When Ki’s magic came down hard on Du, binding him still, blocking the song of the thing that would have fed his hunger, the half-djinn turned with a snarl.  As he did, San stepped to the side to let Ki to step closer.  And El hurried forward, too, slipping through a knot of passing strangers to stand guard against one of her wayward own, to battle him back to himself and out of the treacherous, long-abstained past.

And Lot looked back when a frission of something, longing, brushed softly, sweetly, against the tips of her tentacled hair.  Like a breeze of half-forgotten memories, it pulled her to a stop, then into one step and then another toward a something that waited for her on the far side of the Assembly courtyard.  Which one was the dead Queen was forgotten.  Which was the mission she’d bound herself to as Last Seeker was forgotten.  It was easy to slip through the crowd.  It was easy to reach out and touch a memory, and slip away.


…The Heart of the Gull Queen’s Huntress

Installment 24: 23.1029

***

“Was it dead?” El demanded of Ki, coming to stand solid and too small in her child’s body beside her second.  Du was still bound to stand where he was, but there was a black flame dancing in the half-djinn’s eyes, and his hands twitched, reaching, slowly reaching for his pipes and his music, his magic.

“I don’t think so,” Ki answered, holding fast to the thread of magic they held leashing Du in place.  The two of them were stronger than him, but Du was cunning and swift and would take advantage if their guard dropped.  “But there was something not human…”  They shook their head.  ‘Human’ was a word they’d long meant to let go of.  They’d traveled too far, through too many lives, for it to be meaningful.  “Not a person,” they amended.

“It was calling to him, luring him,” San supplied.  “He didn’t notice me at all, following, and usually Du is the last of you to lose sight of me in a crowd.”  Though they were off a side hall from the Assembly where the crowd had grown thick, there were still some folk going past them here, back and forth, and San kept his visual focus outward, on the ebb and flow of nearby strangers, kept his physical focus on standing just so, on showing a face truly forgettable, so that none of them really looked this way.

“You said the Architect called them ‘calling threads?’” El asked.  “The dead Trawerler had them, but this one wasn’t dead.  And also not a person.”

“And I didn’t get even a hinting sense of binding threads just now,” Ki added.  “Neither a glimmer, nor the scrape of the mind sound.  Though not seen proves little.”
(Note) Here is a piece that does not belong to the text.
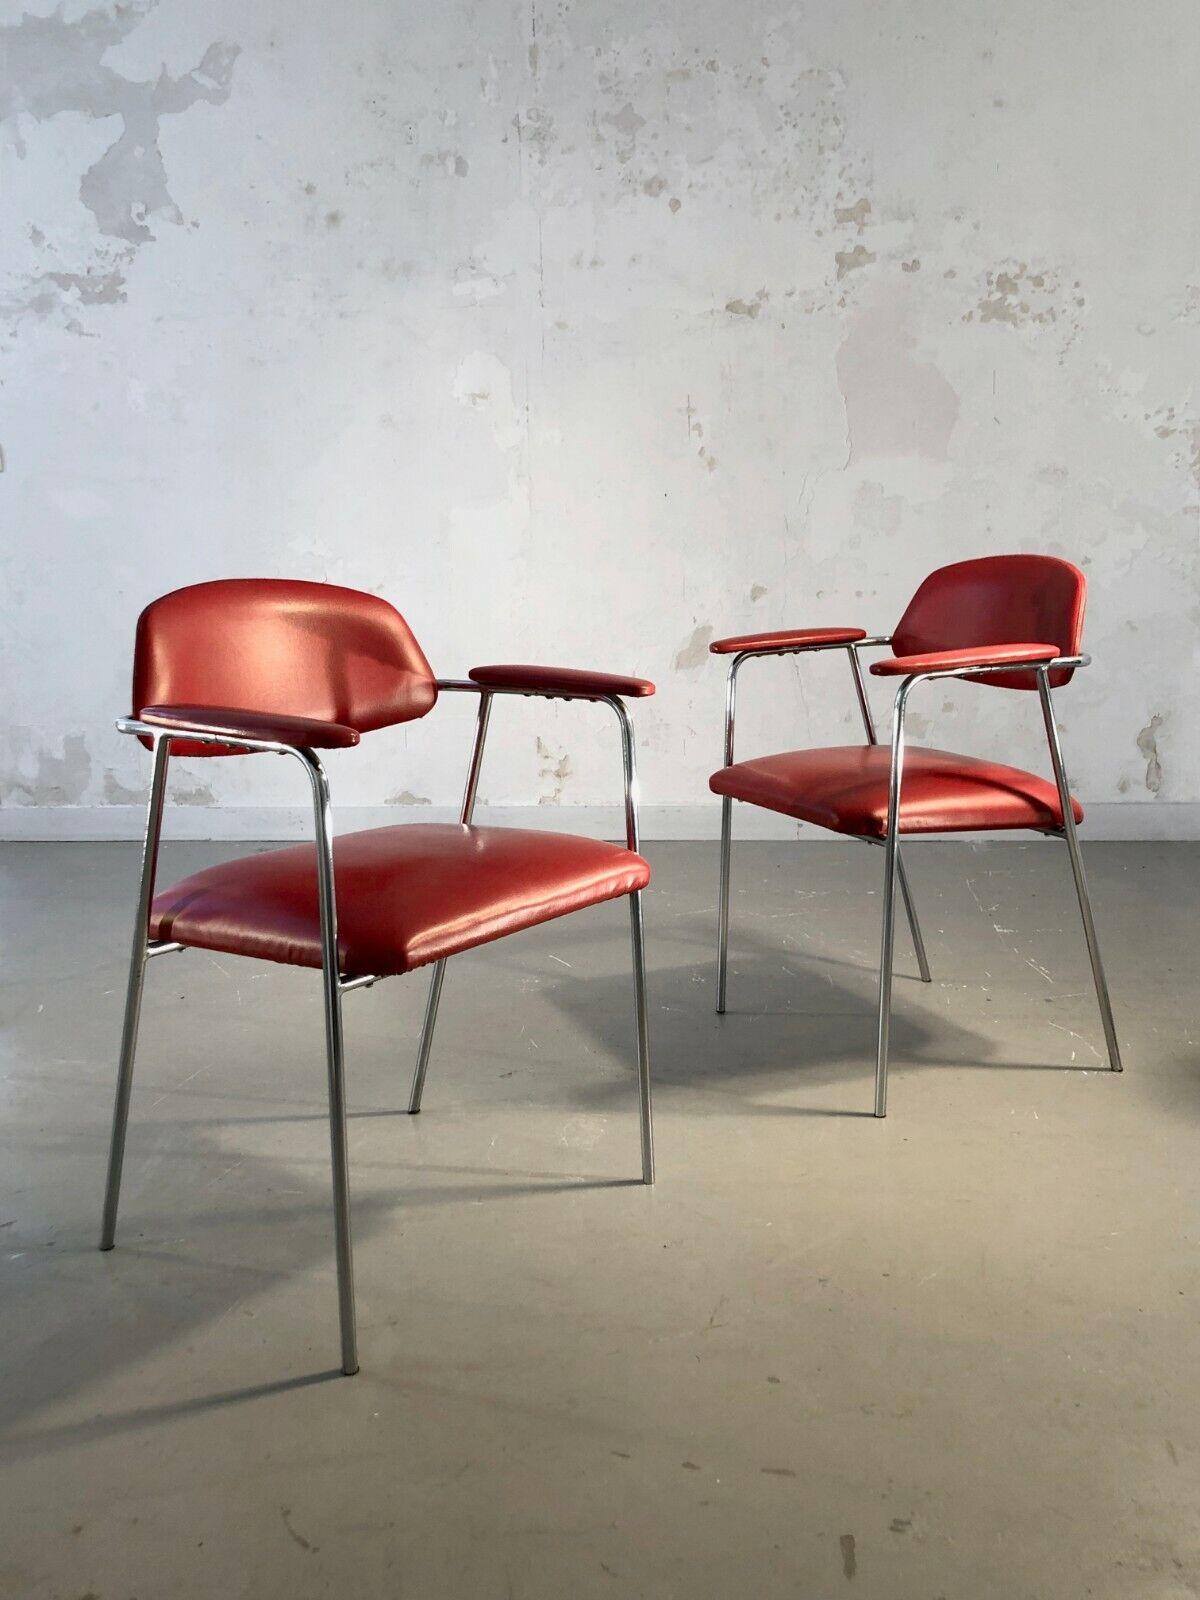 A pair of chairs with armrests, Modernist, Free Form, chromed tubular metal structures, comfortable seats and armrests in superb red imitation leather, attributed to Pierre Paulin, Steiner edition, France 1950-1960. Steiner labels under each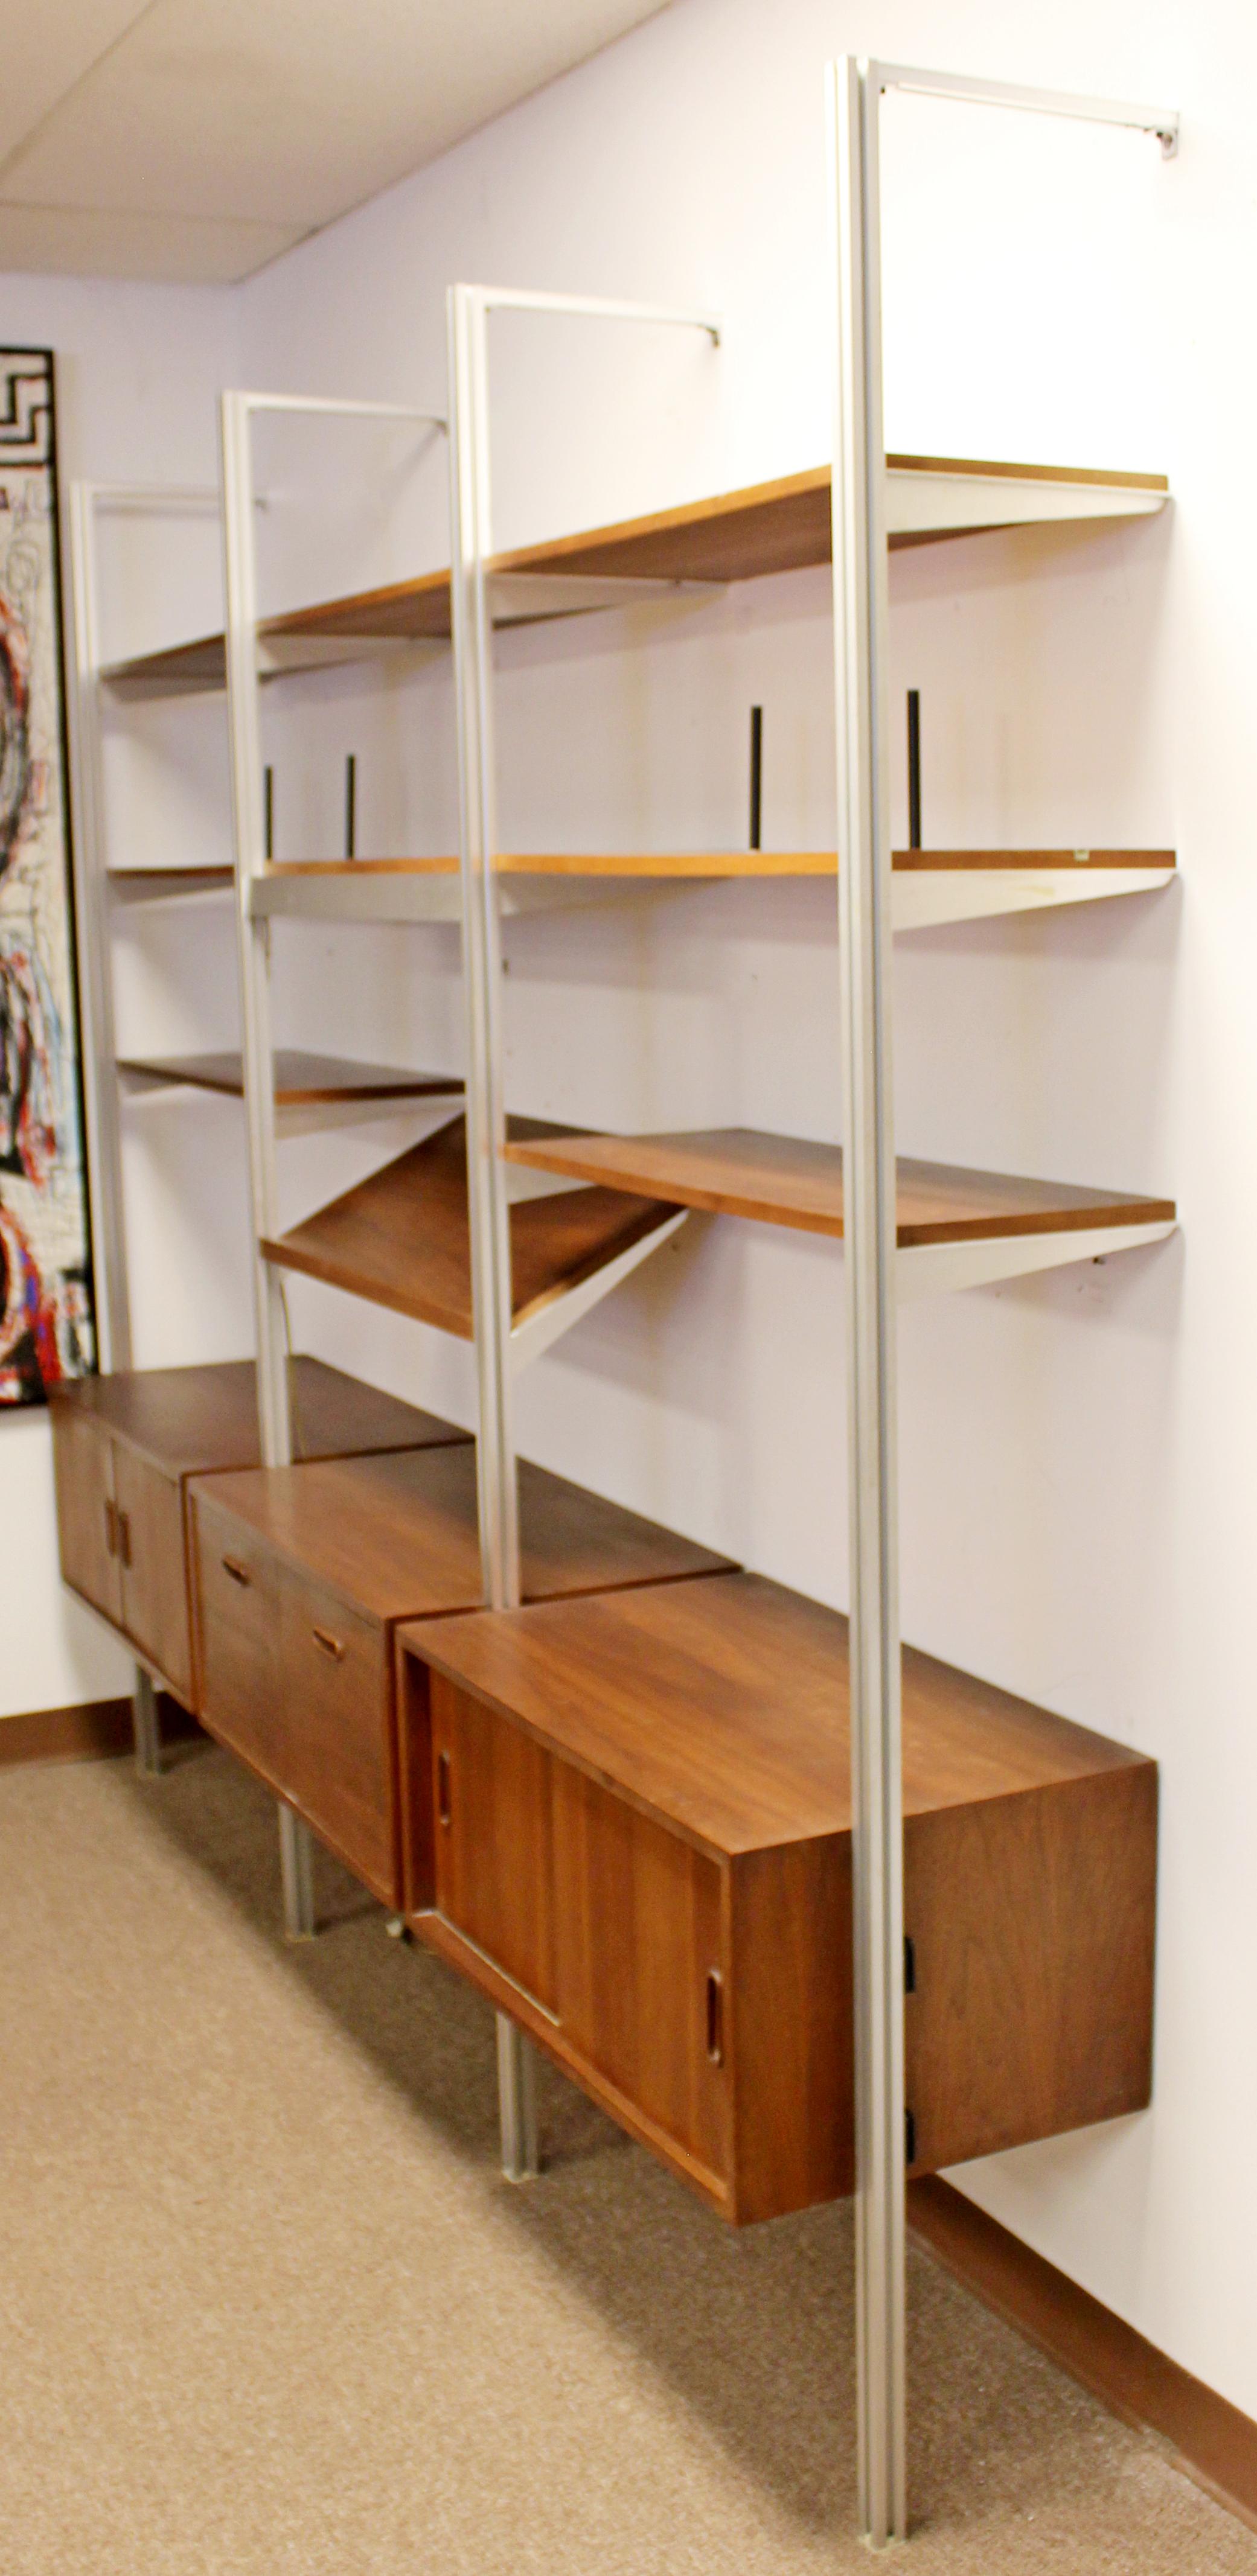 American Mid-Century Modern George Nelson 3 Bay Wall Unit Shelves Cabinets

“Too little,” El agreed.  “The Salt Queen is dead.”  She tipped her head slightly, back in the direction of the Assembly.  “The youngest of the Queens, up there on that balcony.  And decidedly more so than the Gull Queen’s Huntress, who can still, maybe, be saved.”  El’s eyes as she spoke were, as ever, too still and serious to be a child’s eyes.  “But just the Salt Queen.  If Du hadn’t been snagged just now, I would have said her avatar, ‘the Salt Queen’s Emissary’, so called, must be the necromancer we’re looking for, or otherwise culpable.  Those avatars are too close to their Queens for him to possibly be fooled into thinking her still living.”

“And the necromancer seems to be collecting the Queens’ instruments,” Ki nodded, “which would be easier if they possessed one of them already.  I should have sent a warning to the Moth Queen.  It was her agents we were following when San found the dead Trawerler.”

“Perhaps we should send her Du, once we’ve called him back to us.  Better a distraction of the flesh than a lure to the old magics.”

But San hissed just then, a curse from a millennium gone.  “No, we should keep him by us, close and tight.  Lot is gone.”

“Foolish child,” El snarled, turning, dark eyes flashing to scan fruitlessly what little could be seen along this side hall.  “If she abandons the sworn quest, the oath curse will take her.”

“Will it truly?”  The voice was dark and smooth and seductive, the words spoken just a breath before Du put his pan flute to his lips, the first low notes sounding out sweet, and seeming to shake the very world.

“Go.  Track her,” El ordered San, before turning back to battle her wilding own.